## TASK BRIEF
Give back every line of the data exactly. Pictures are not part of the copy.

## INFORMATION PROVIDED

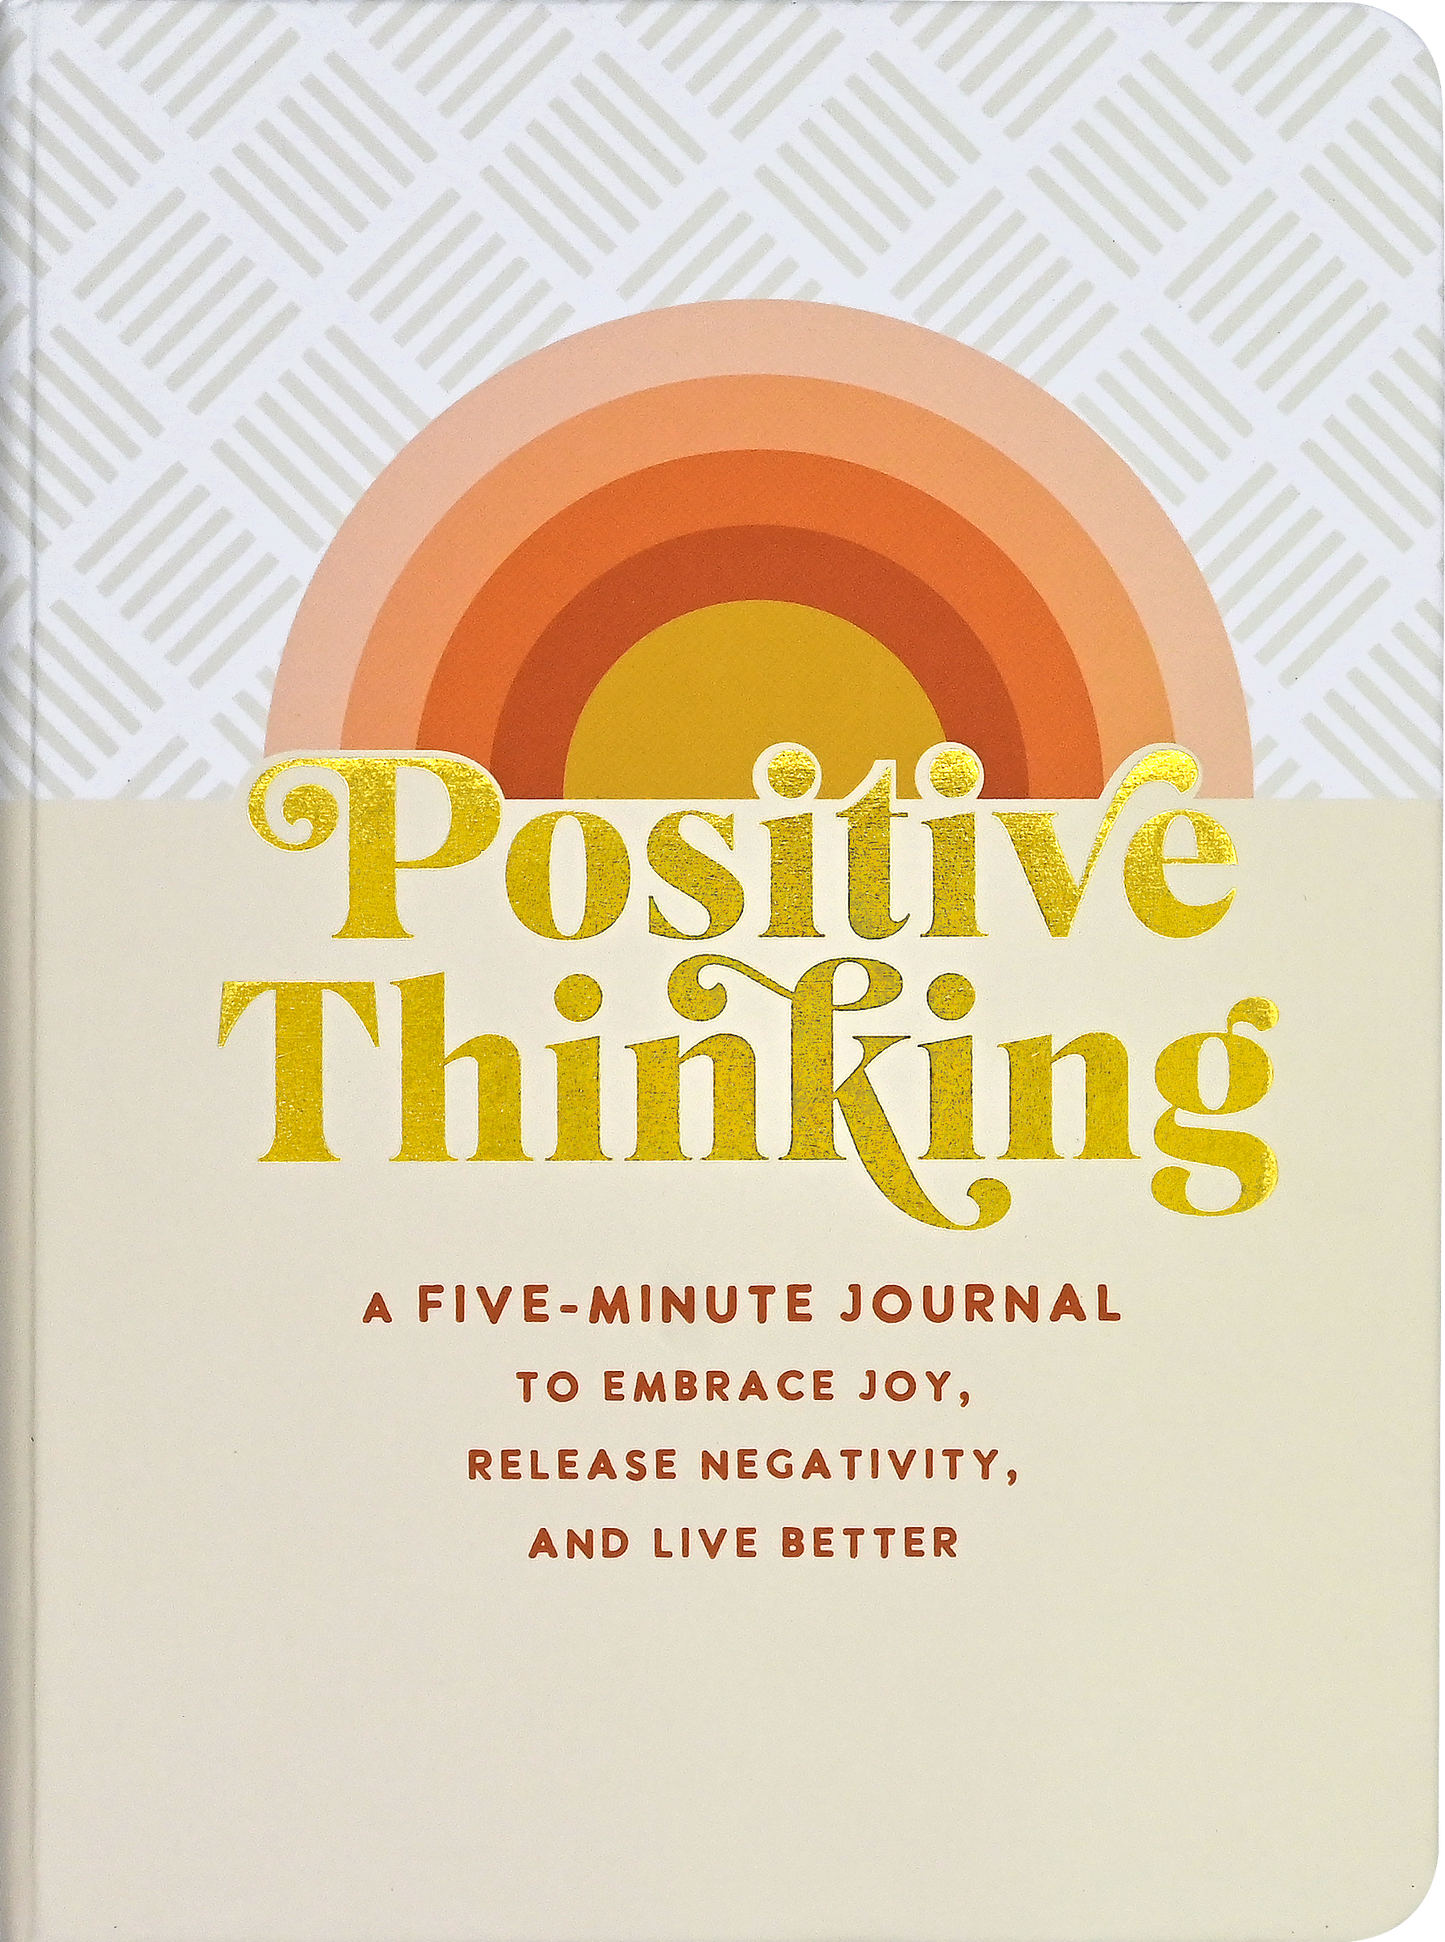 Peter Pauper Press - Positive Thinking
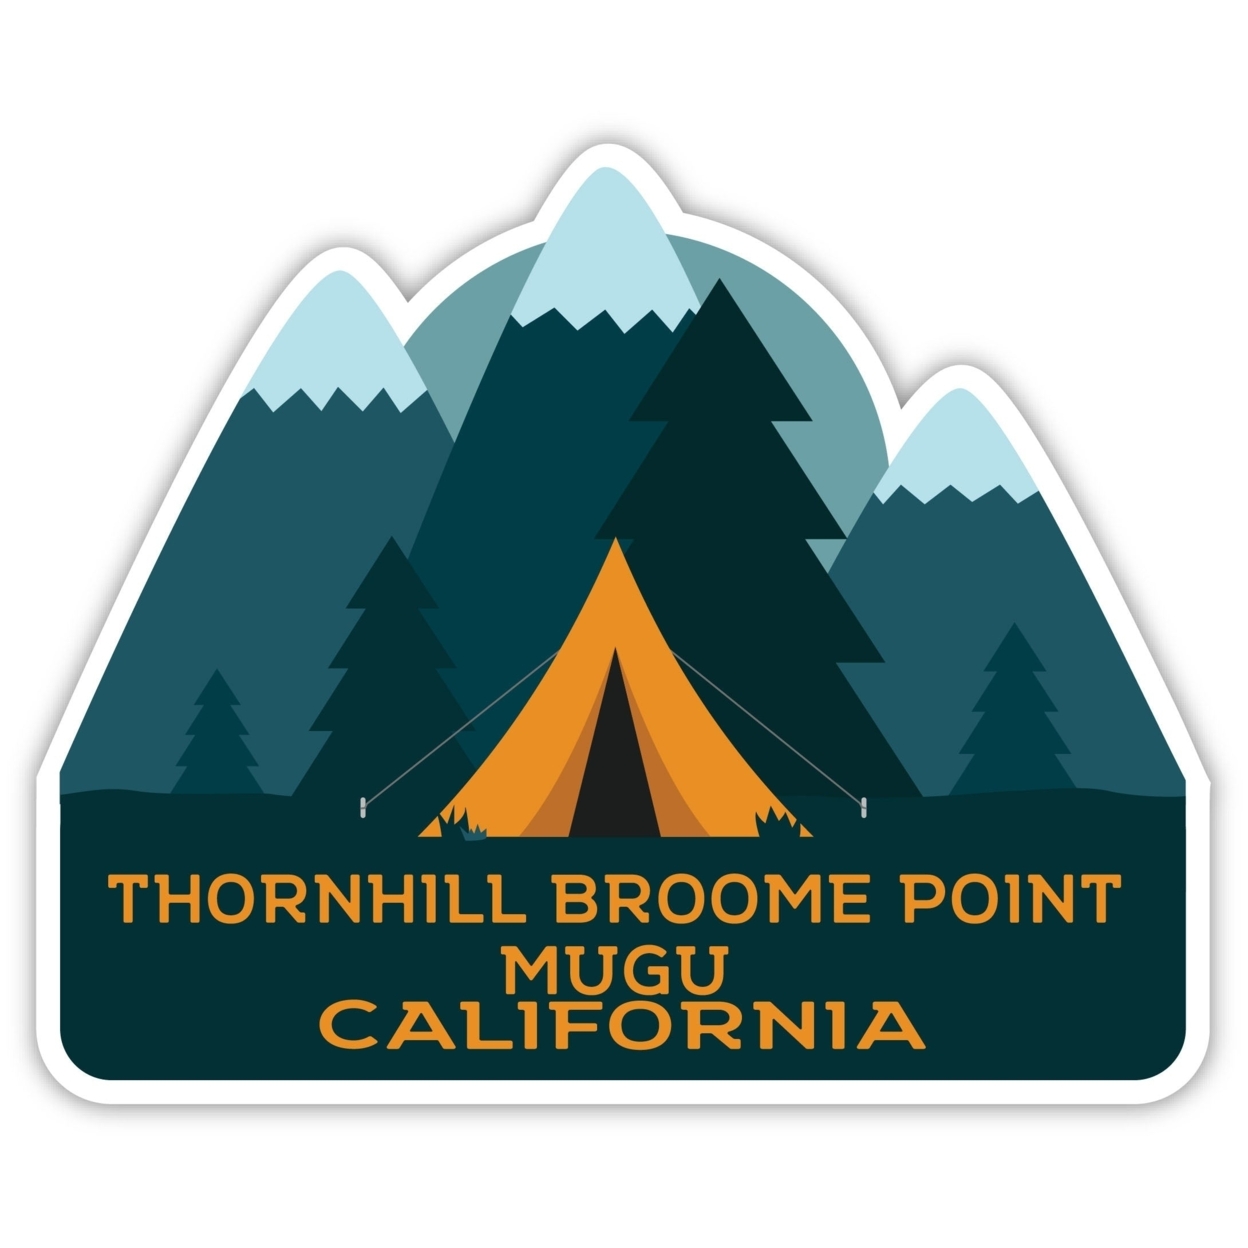 Thornhill Broome Point Mugu California Souvenir Decorative Stickers (Choose Theme And Size) - Single Unit, 4-Inch, Camp Life
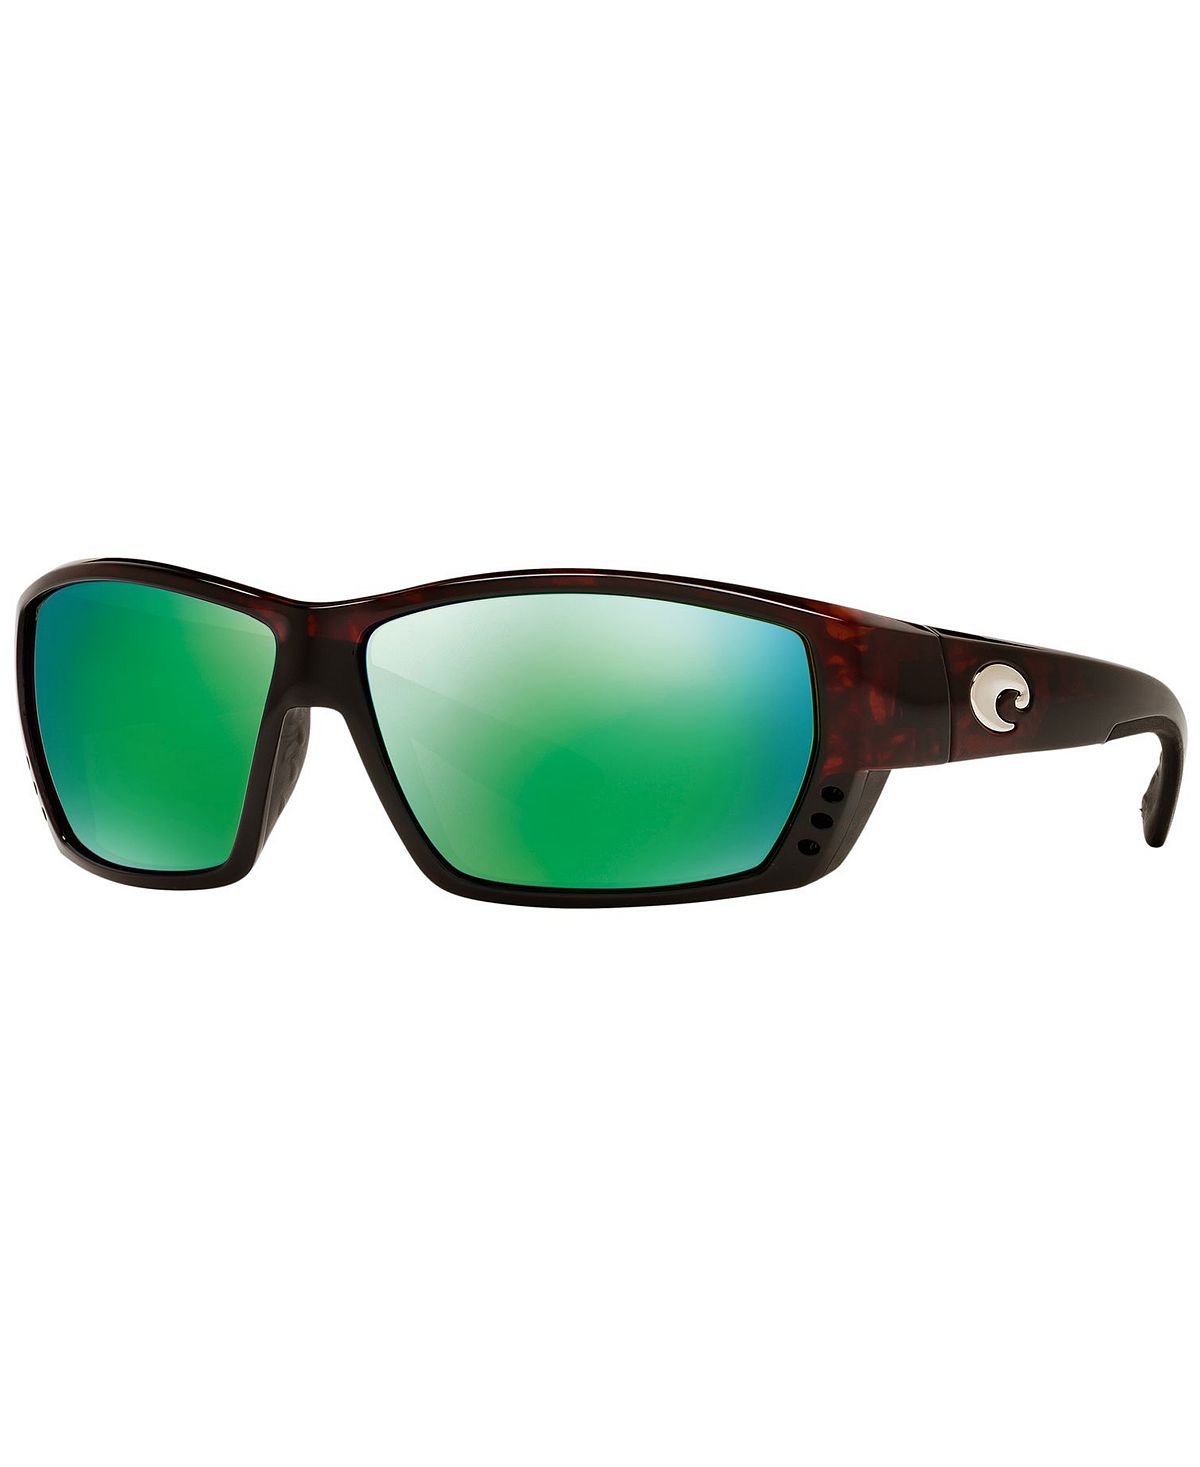 Поляризованные солнцезащитные очки, TUNA ALLEY Costa Del Mar mak aria 9 5x20 5x150 d110 2 et53 gun met mirror face

## ANSWER
 Peter Pauper Press - Positive Thinking
 Thornhill Broome Point Mugu California Souvenir Decorative Stickers (Choose Theme And Size) - Single Unit, 4-Inch, Camp Life
 Поляризованные солнцезащитные очки, TUNA ALLEY Costa Del Mar mak aria 9 5x20 5x150 d110 2 et53 gun met mirror face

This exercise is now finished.